WS OCR: Cache next page(s) for even faster loading
Closed, ResolvedPublic2 Estimated Story PointsFeature
Actions

Assigned To

Authored By

	Inductiveload
	Jul 8 2021, 9:26 PM

Description

The existing Phetools OCR backend will pre-fetch other pages in the current book when you request a page from it
This makes the OCR loading extremely fast, since the next page will be ready by the time you load that page
The new backend should also preload the next page (or perhaps the next n pages) with the current settings to warm the cache. Though the new tool is certainly faster than the old one page-for-page, it's still not as fluid as Phetools once it warms up

Details

	Subject	Repo	Branch	Lines +/-
	Prefetch the next page when running OCR	mediawiki/extensions/Wikisource	master	+14 -3

Customize query in gerrit

Related Objects

Mentioned In: T279102: Wikisource OCR: Investigate automatic OCR solution
T281502: Wikisource OCR: Determine bulk approach/proposal
T191286: [Suggestion] Pregenerate next/previous thumb when reading a pdf (or other multi-page file types)
Mentioned Here: T230689: Preload the next page's image on proofreading view
T256959: Allow PDF's to be rendered at higher (or user specified DPI)

Event Timeline

Inductiveload created this task.Jul 8 2021, 9:26 PM

Restricted Application added a project: Community-Tech. · View Herald TranscriptJul 8 2021, 9:26 PM

Restricted Application added a subscriber: Aklapper. · View Herald Transcript

I believe this shouldn't be too hard. Maybe the real question is "how many pages?". I think we might just start with a page or two, and change it later on (in either direction) if we need to. As long as we don't hardcode the number of pages, this would also be trivial.

Even one page will be helpful in the usual case (proofreading page by page). Remember that if you skip ahead out of the "cached buffer", the first time you OCR a new page, the cache will restart.

But because it's fairly common to skip the occasional page (e.g. blank pages. images, etc), a buffer of at least 3 pages would be better (allows to skip over a blank page and an image, which is common). Obviously, if there's system availability, more is better (phetools runs to the end of the book, for example), but because it's so much faster now, the penalty for a cache miss is much less painful than with phetools.

If resource consumption is a concern, I think a single page will cover the wast majority of cases; and the exceptions have a fairly benign failure mode (it's an additional optimisation).

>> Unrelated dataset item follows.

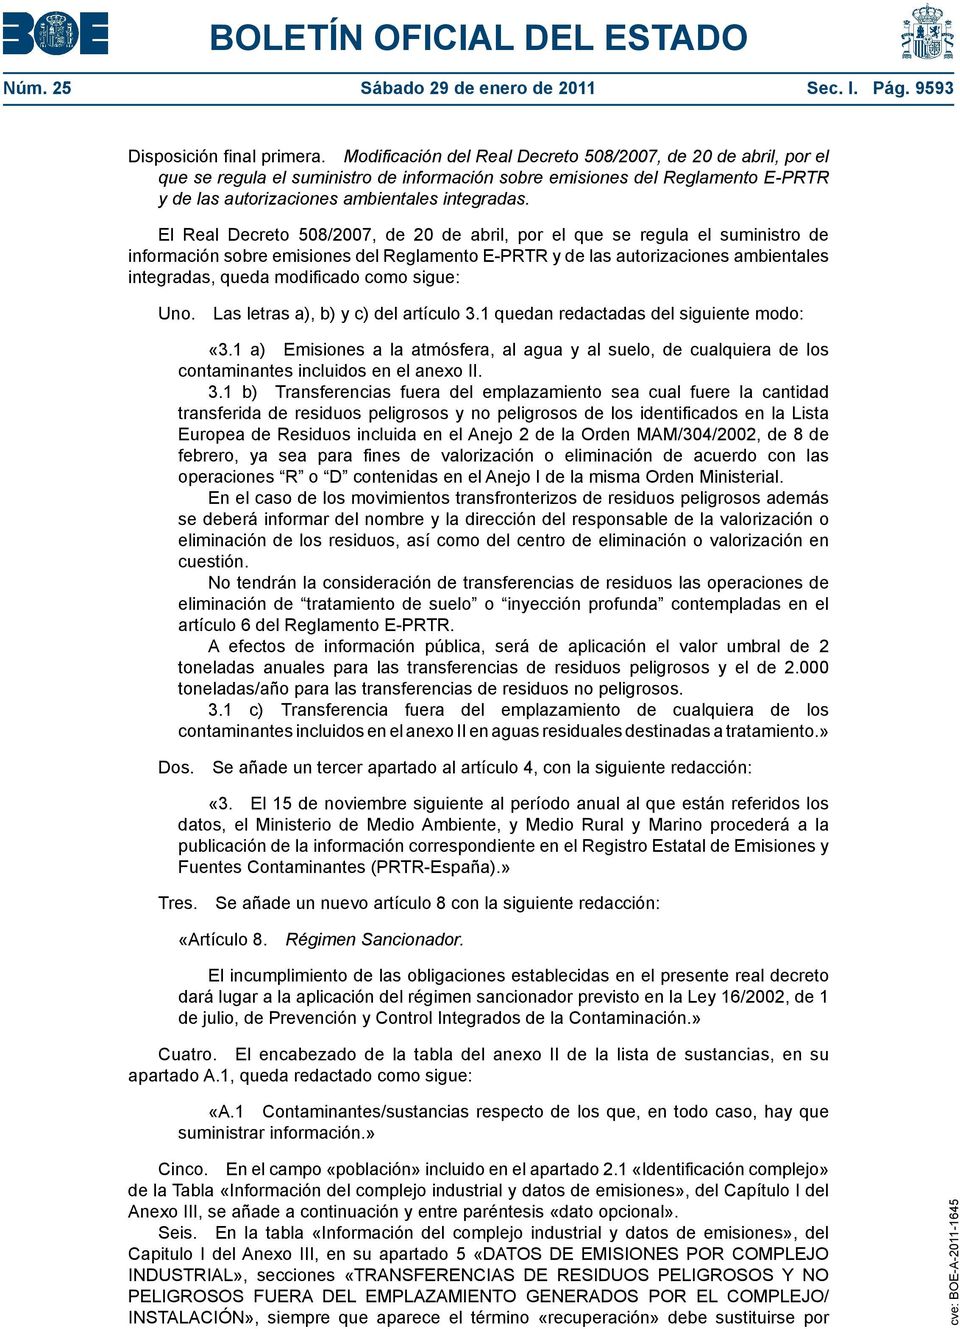 El Real Decreto 508/2007, de 20 de abril, por el que se regula el suministro de información sobre emisiones del Reglamento E-PRTR y de las autorizaciones ambientales integradas, queda modificado como

But, yeah, "what Inductiveload said", essentially.

Change 704534 had a related patch set uploaded (by Daimona Eaytoy; author: Daimona Eaytoy):

[mediawiki/extensions/Wikisource@master] Prefetch the next 2 pages when running OCR

https://gerrit.wikimedia.org/r/704534

gerritbot added a project: Patch-For-Review.Jul 14 2021, 12:47 PM

Daimona claimed this task.Jul 14 2021, 12:47 PM

Daimona edited projects, added Community-Tech (CommTech-Sprint-4); removed Community-Tech.

Daimona moved this task from Ready 🎬 to Review/Feedback 💬 on the Community-Tech (CommTech-Sprint-4) board.

Daimona set the point value for this task to 2.

Copying here from gerrit:

The only thing that we could consider improving is that we currently use the same size of the current image. While this should work regardless, the app uses the URL to build the cache key, so no cache will be warmed up if the actual size is different. This should probably be fixed in wikimedia-ocr itself, though.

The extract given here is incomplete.